Alibaba (Hong Kong XHKG:0168) announced declining results for Q1 claiming they are cleaning up their act or the act of many of their vendors. The drop in recurring cash flow clocks in at a YoY drop of a mind numbing 87%. But later in the earnings release they claim their cash and bank balances improved with a 24.3 % increase year-on-year and flat from December 31, 2011. Which means the spending is being curtailed somewhere or the bank loans are coming in fast and furious. In any event that needs some splaining by management.
The party line is Alibaba.com stepped up its efforts to upgrade the trustworthiness of suppliers and enhance the user experience. They have increased staff and operating costs as they attempt to rein in some less than satisfactory market behaviours. OK so this is a classic reset of a broken business model. Some will say this is the poster child for wild west style expansion in China’s boom economy where regulators have no clue about how to regulate. Wild eyed and naïve customers had no idea they could have so many unacceptable bad customer experiences. Wondering if the translation of bad customer experience into Chinese has the same connotation or if they are using something very much stronger.

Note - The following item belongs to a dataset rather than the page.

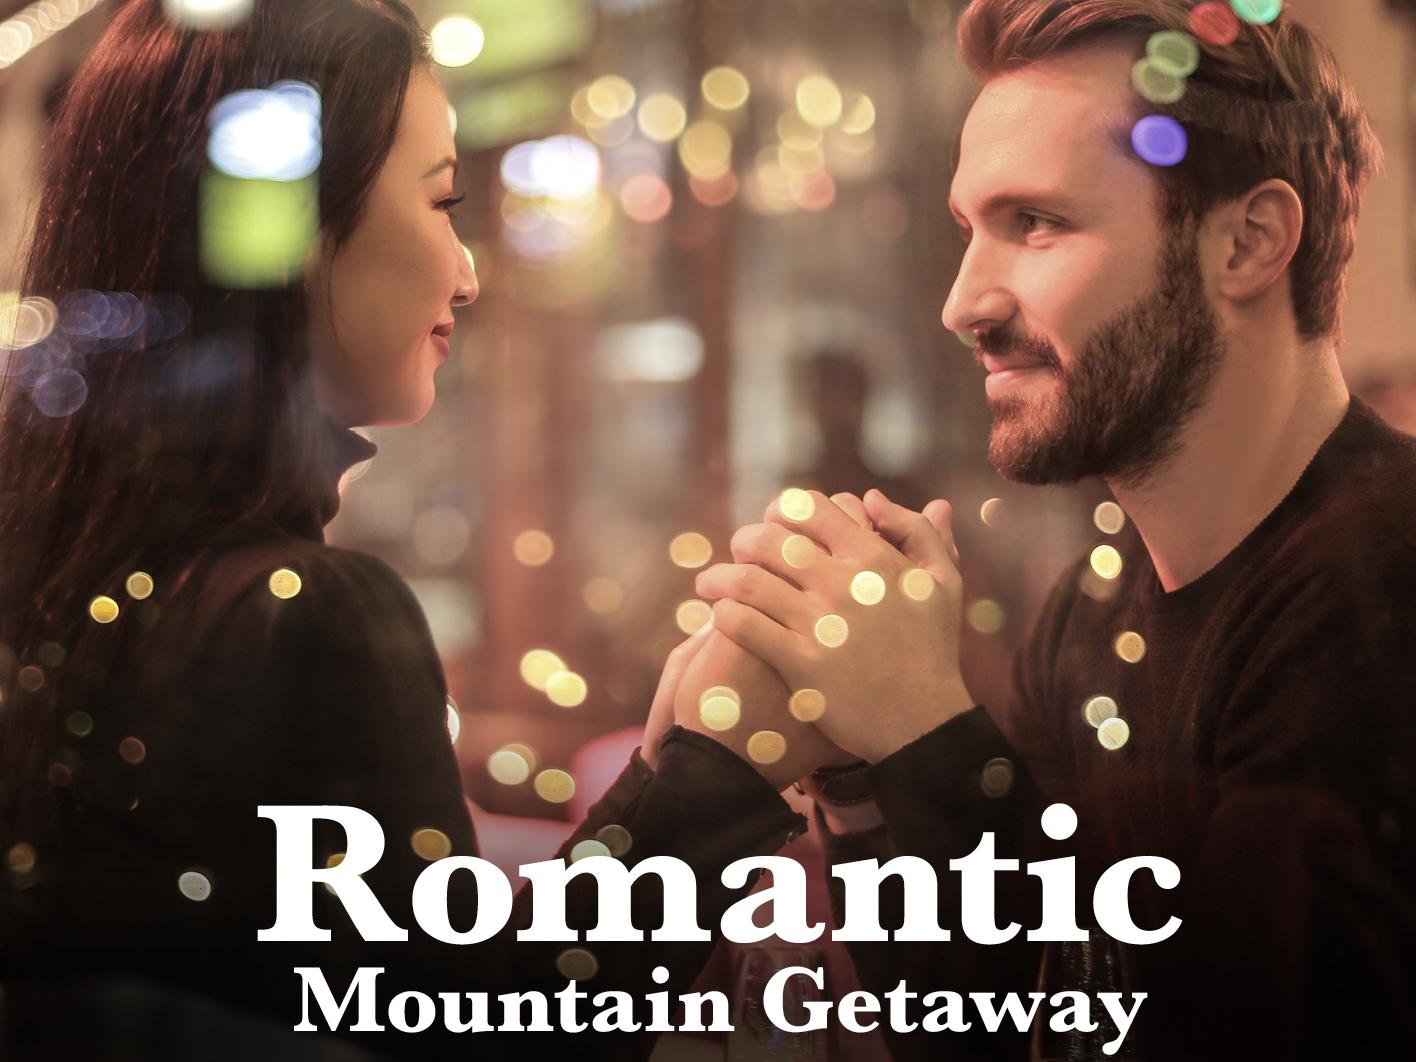 Romantic Mountain Getaway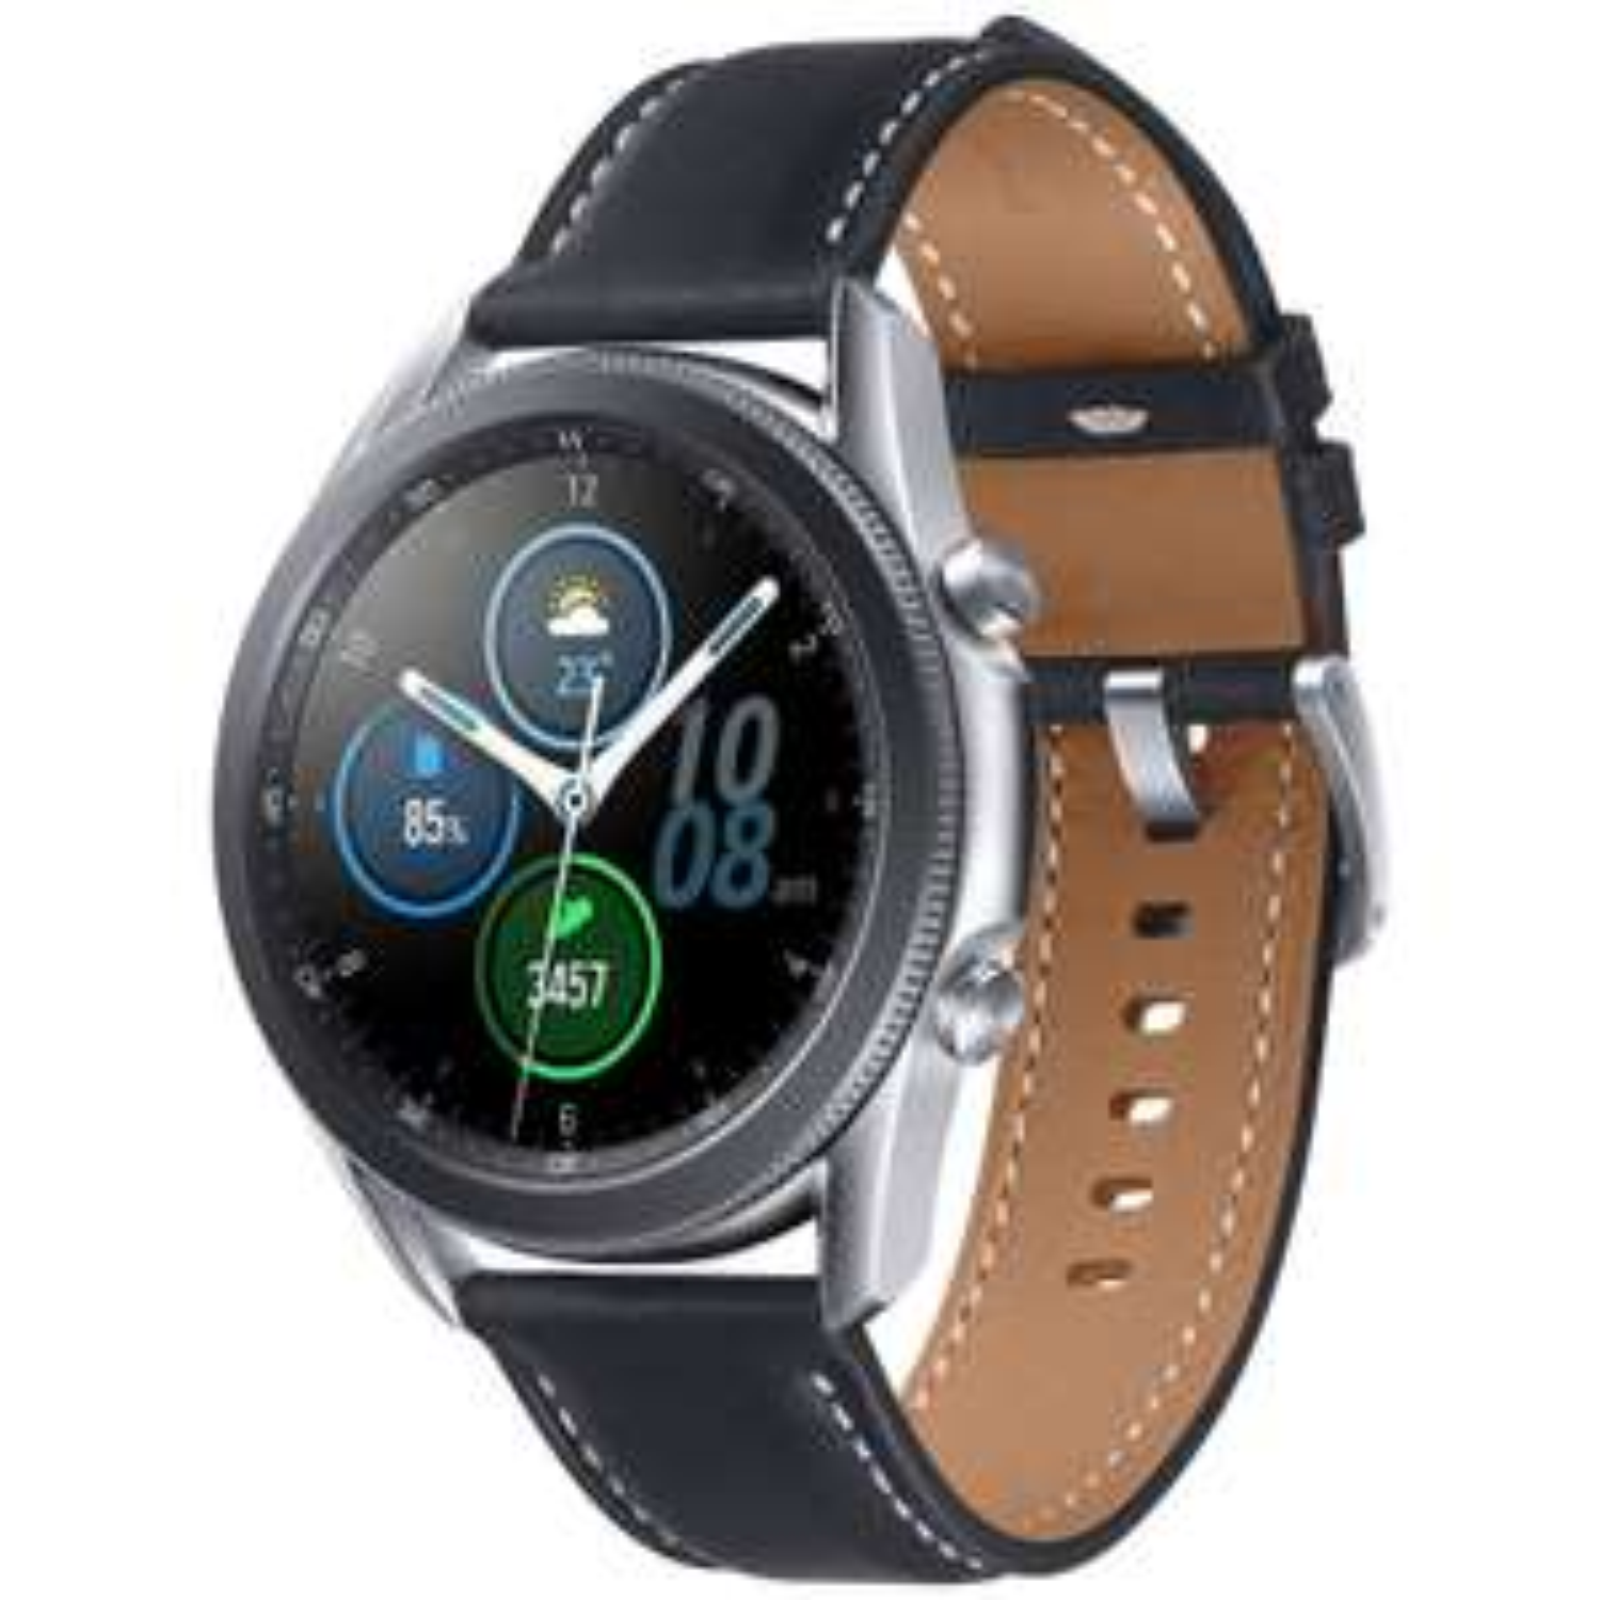 Montre connectée Samsung Galaxy Watch 3 - Noir, Boitier 45 mm (Vendeur tiers)

But wait no sooner were the disheartening results released than a new press release was issued by independent board members recommending acceptance of a share buy out that had been made just recently. The buy out seems generous with a 60% premium over the 60 day moving average but somewhat unsatisfactory given the last two or three-year trading range.
The combination of poor earnings results and independent recommendation puts the run on investors. There are no other possible options. But when someone who is clearly the insider is ready to offer 60% premiums you have to think in the back of your head why?
The stock becomes an allegorical tale about investing in foreign jurisdictions with different governance models. Yes the China market is huge. But western investors may not have the mindset for the nuances of Asian stock markets when a publicly traded company runs into significant trouble.
Oh wait a second Yahoo owns a signifiant amount of Alibaba. There was this really strange sale which did not seem to benefit Yahoo (Nasdaq:YHOO) and now the minority shareholders are being run off.
George Gutowski writes from a caveat emptor persepctive.
- Yahoo Throws Itself Into the Volcano-No it’s a Mass Crucifixtion-When do Vultures Swoop? $YHOO $GOOG $FB (financialskeptic.wordpress.com)
- Alibaba and Yahoo’s valuation hurdle (bbc.co.uk)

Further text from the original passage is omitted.